Di Maio a Che Tempo Che Fa. le dichiarazioni del 7 aprile 2019


Luigi Di Maio torna a Che Tempo che fa a un anno dalla sua prima volta. E Fazio non perde tempo.

Torna da Vicepremier e ministro dello Sviluppo Economico Luigi Di Maio a Che Tempo Che Fa: era stato ospite di Fazio nel maggio del 2018, ci torna nell’aprile 2019, in un momento in cui i rapporti tra le due principali forze di Governo sembrano essere piuttosto tesi su alcuni temi fondamentali.

Fazio mostra subito di non voler perdere tempo e riduce al minimo i convenevoli. Si limita a un “Sono contento che abbia accettato di venire” cui Di Maio, con un sorriso contenuto, replica con un cortese “Sono contento di essere qui”. E si va subito in medias res, con il Vicepremier che non si fa pregare nell’elencare i principali punti di distanza dall’alleato di Governo, la Lega di Matteo Salvini.

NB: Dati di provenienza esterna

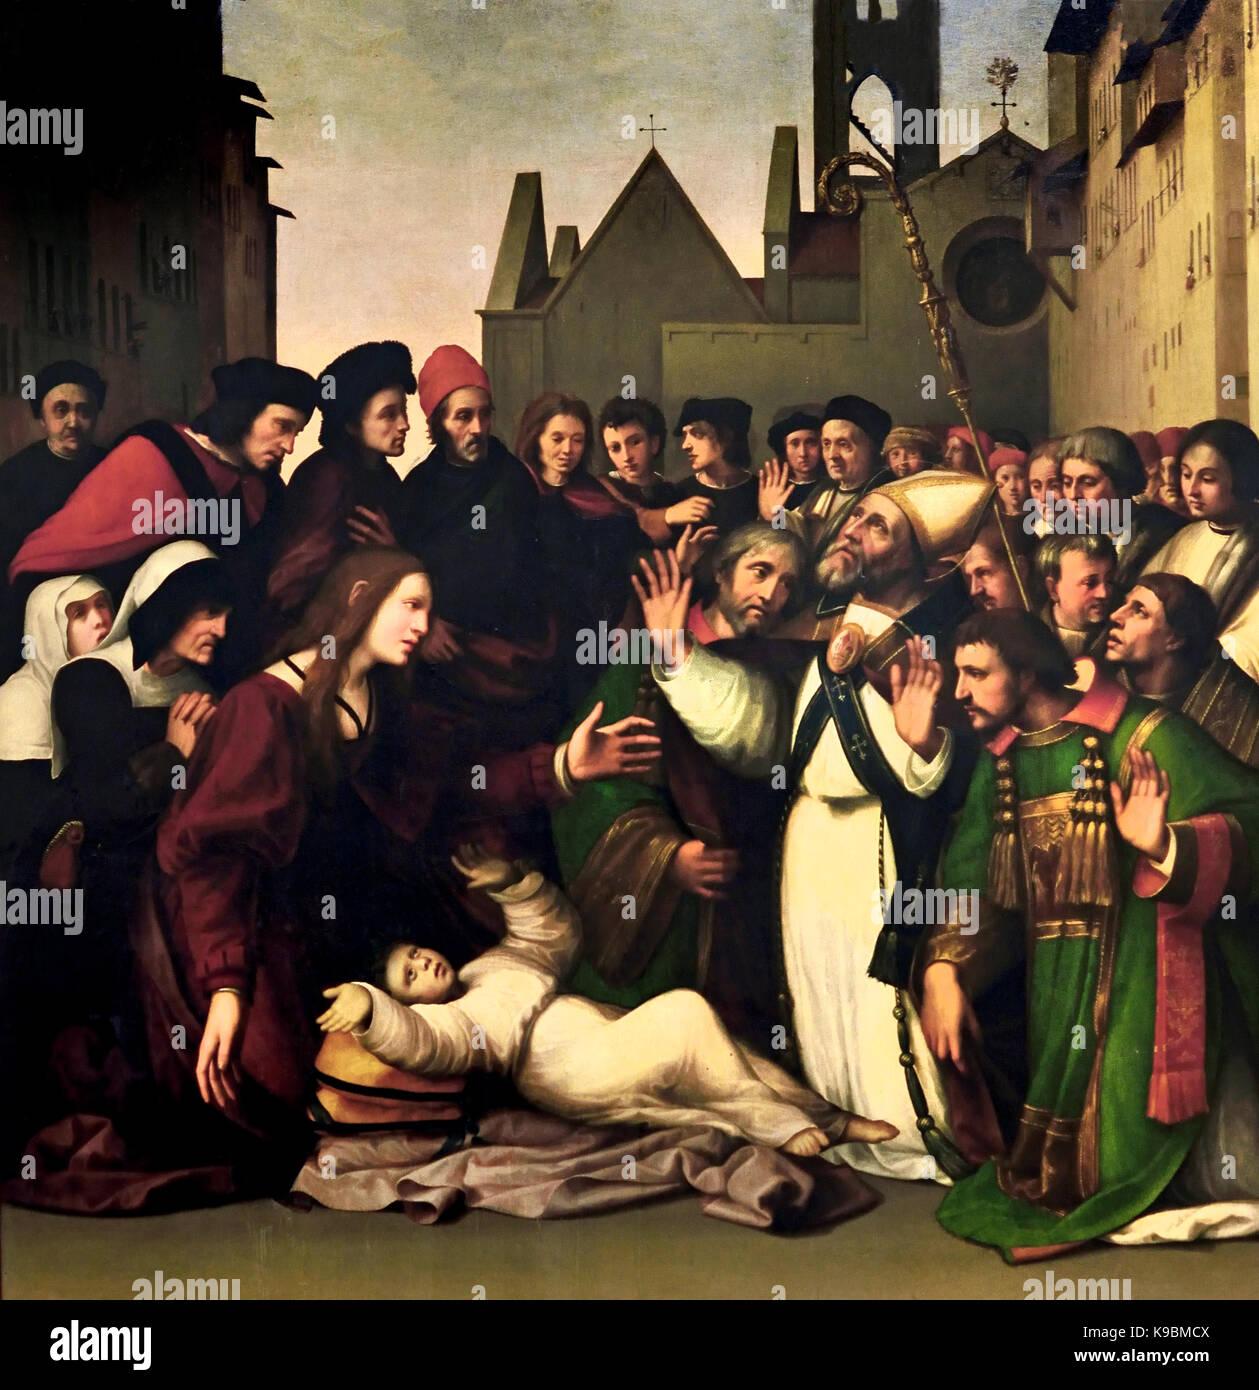 Saint Zenobius raises a Boy from the Dead by Ridolfo Ghirlandaio (or Ghirlandajo) 1483 – 1561 was an Italian Renaissance - Stock Image

Dalle perplessità sugli alleati europei della Lega (“Ma perché si preoccupa ora? Non è nuova la situazione…” ha domandato Fazio) a questioni di casa nostra:

“E’ importante che i cittadini conoscano le preoccupazioni del M5S anche a livello europeo. Credo che più avanzeranno le forze tipo Orban e Le Pen, più ci troveremo in difficoltà, perché non avremo modo di ricollocare i migranti in altri paesi, così come per le politiche di austerity. Quello che è fuori dal programma noi lo arginiamo: anche la flat tax la vogliamo fare, ma non vogliamo aiutare i ricchi, ci vuole gradualità; e i diritti civili non li abbiamo messi nel contratto per non far sì che si torni indietro di venti anni. Sentir parlare a Verona delle donne di un certo modo non vorrei lo sentisse mio figlio”

“E’ strano sentirla parlare così”

replica Fazio

“Finché si resta nel contratto lavoriamo benissimo, ma si esce dal contratto non si passa” risponde Di Maio. Il tutto nell’anteprima.

Un’intervista densissima, cui aspettiamo repliche.